All of the data below is to be repeated exactly, except for the pictures.
(Beginning of DATA)
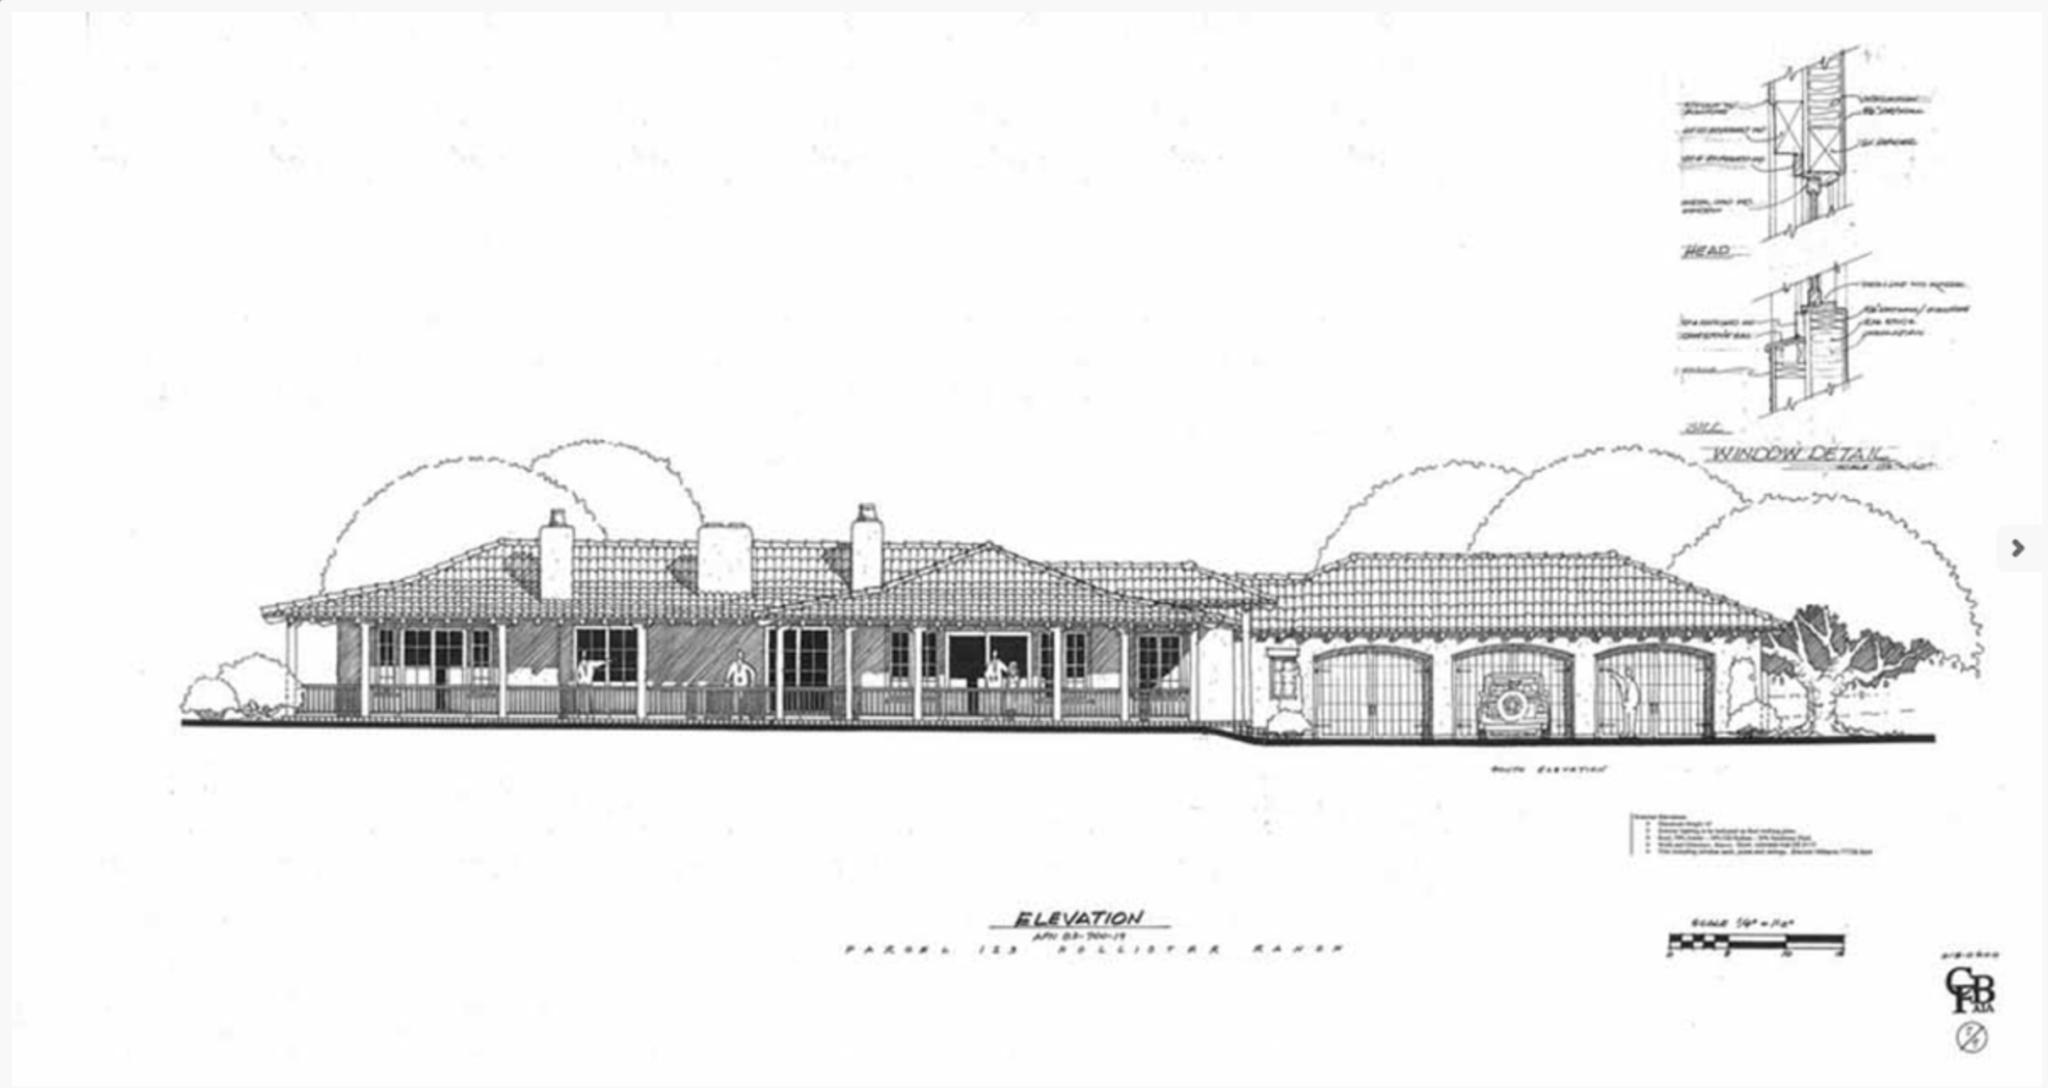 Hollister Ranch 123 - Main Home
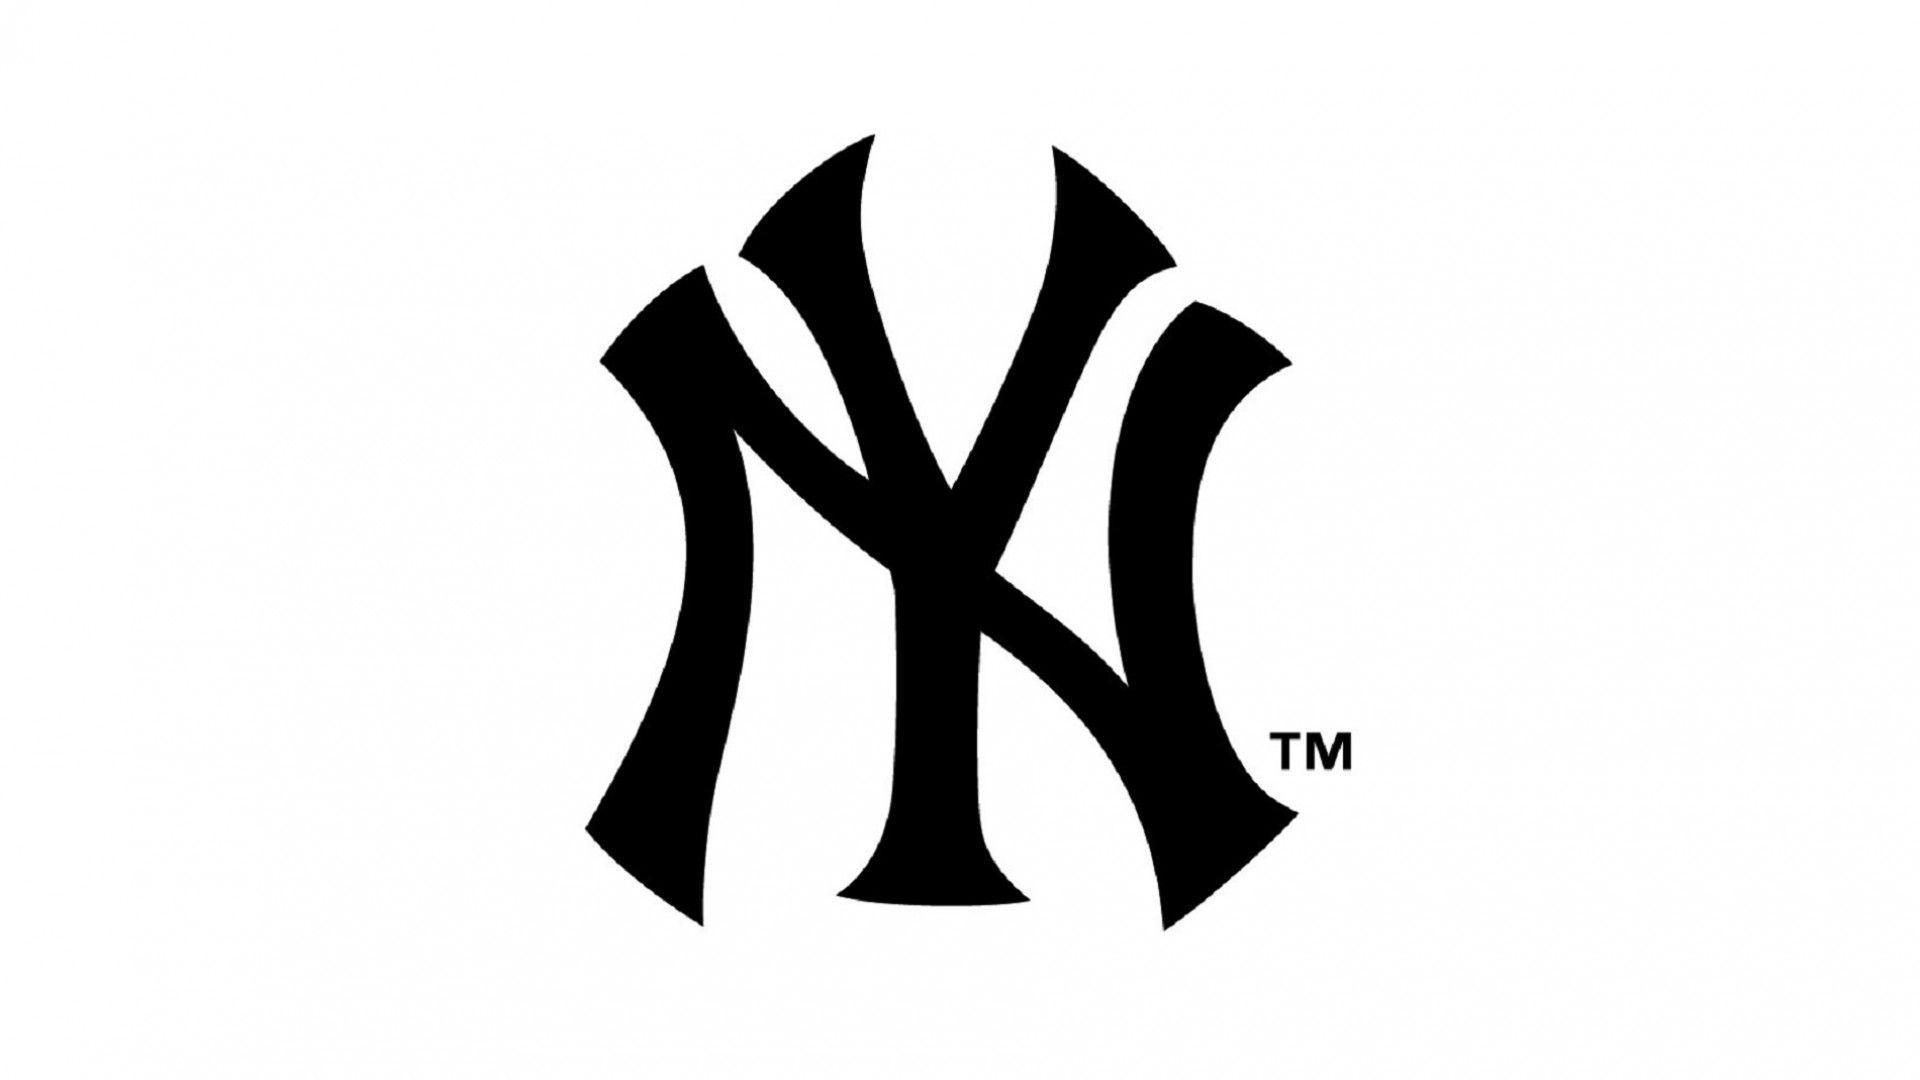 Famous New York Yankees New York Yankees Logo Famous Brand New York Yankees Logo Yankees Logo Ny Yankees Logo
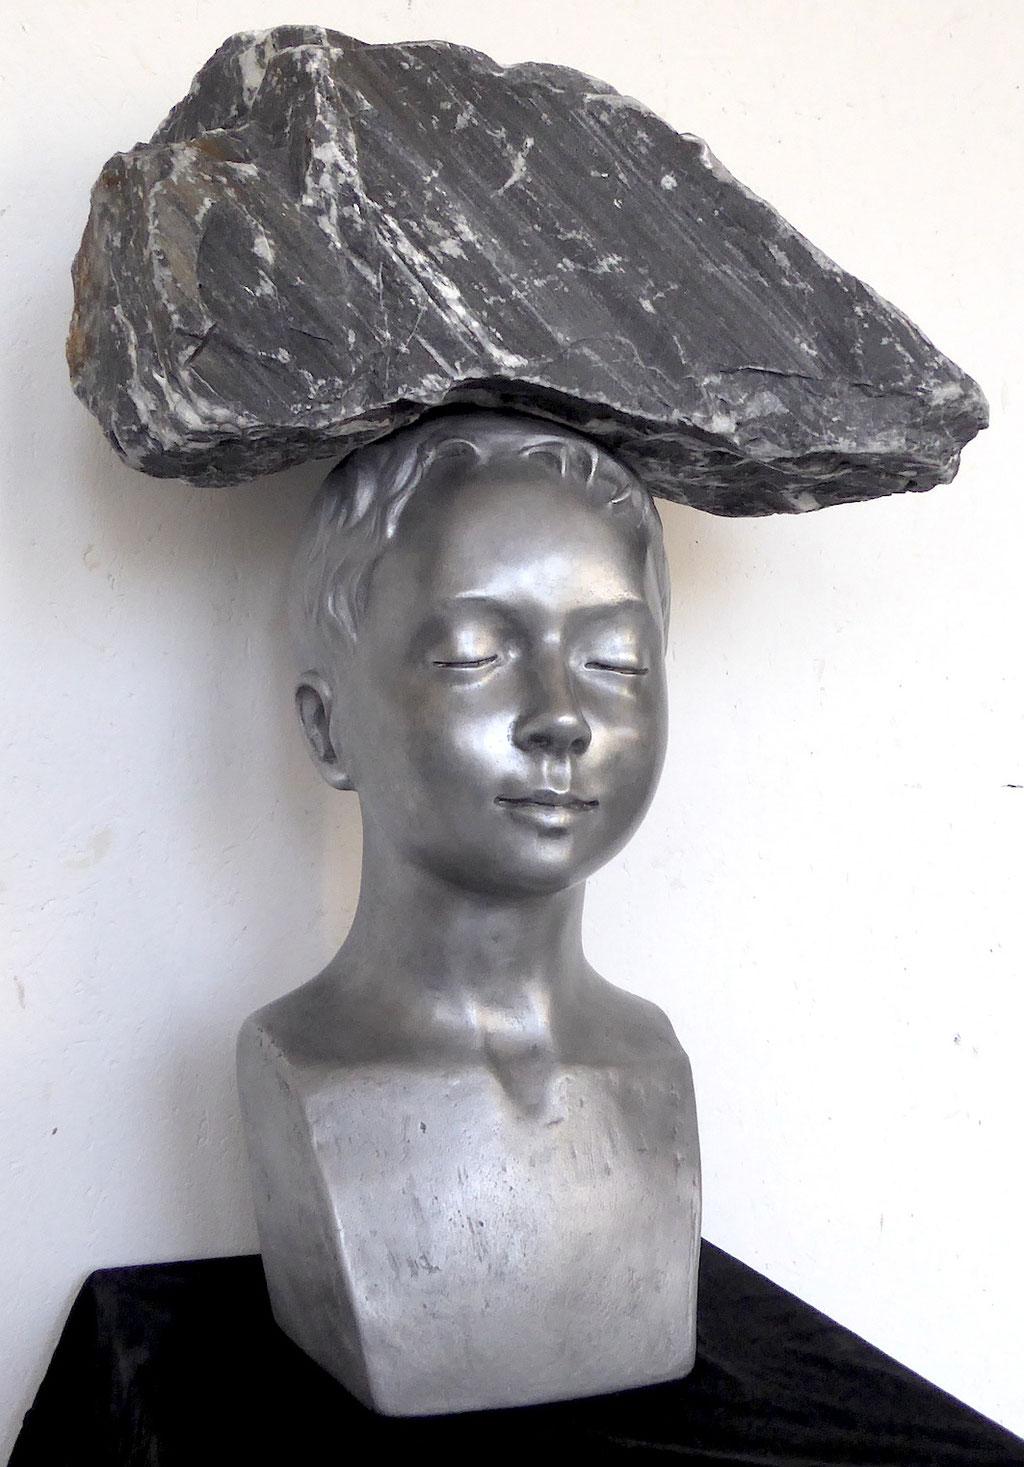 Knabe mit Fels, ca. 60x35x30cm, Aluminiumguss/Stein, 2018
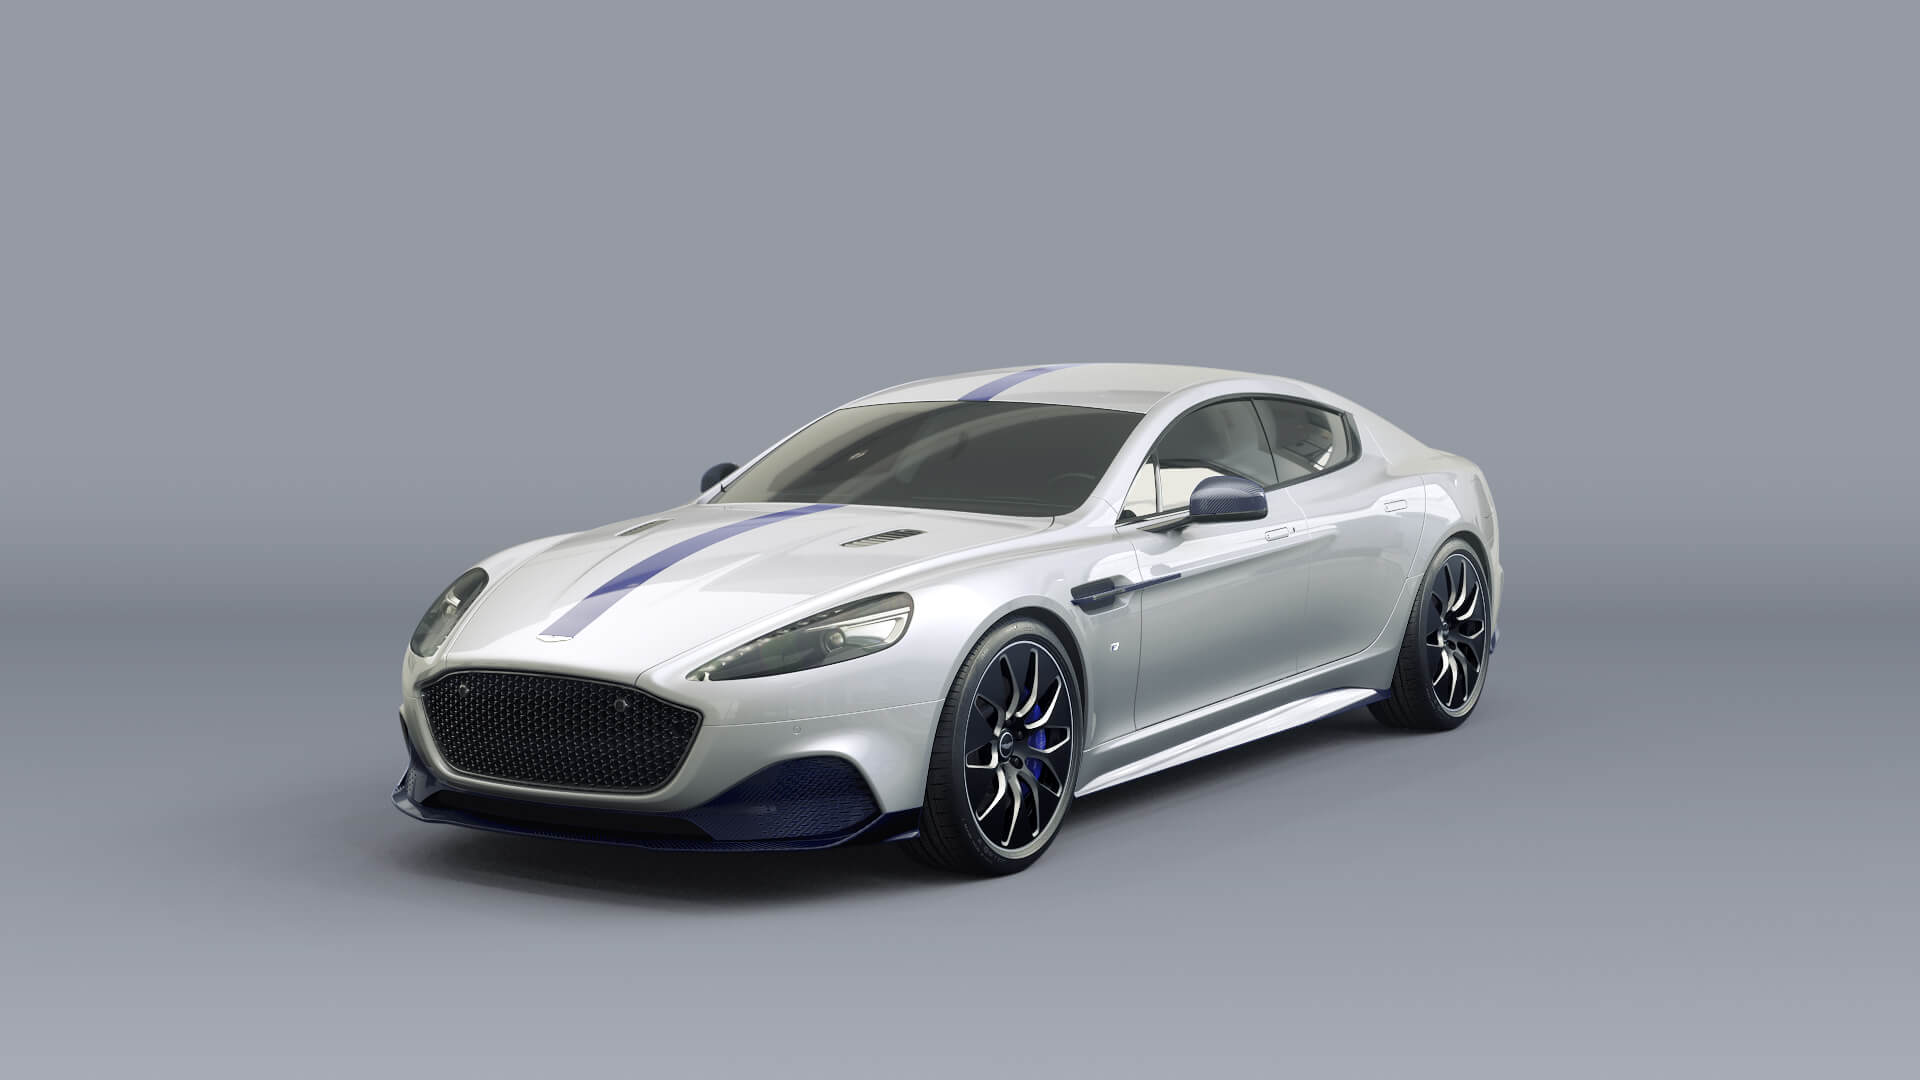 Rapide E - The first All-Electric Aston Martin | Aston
(End of DATA)
- _TASK RESULT_:
 Hollister Ranch 123 - Main Home
 Famous New York Yankees New York Yankees Logo Famous Brand New York Yankees Logo Yankees Logo Ny Yankees Logo
 Knabe mit Fels, ca. 60x35x30cm, Aluminiumguss/Stein, 2018
 Rapide E - The first All-Electric Aston Martin | Aston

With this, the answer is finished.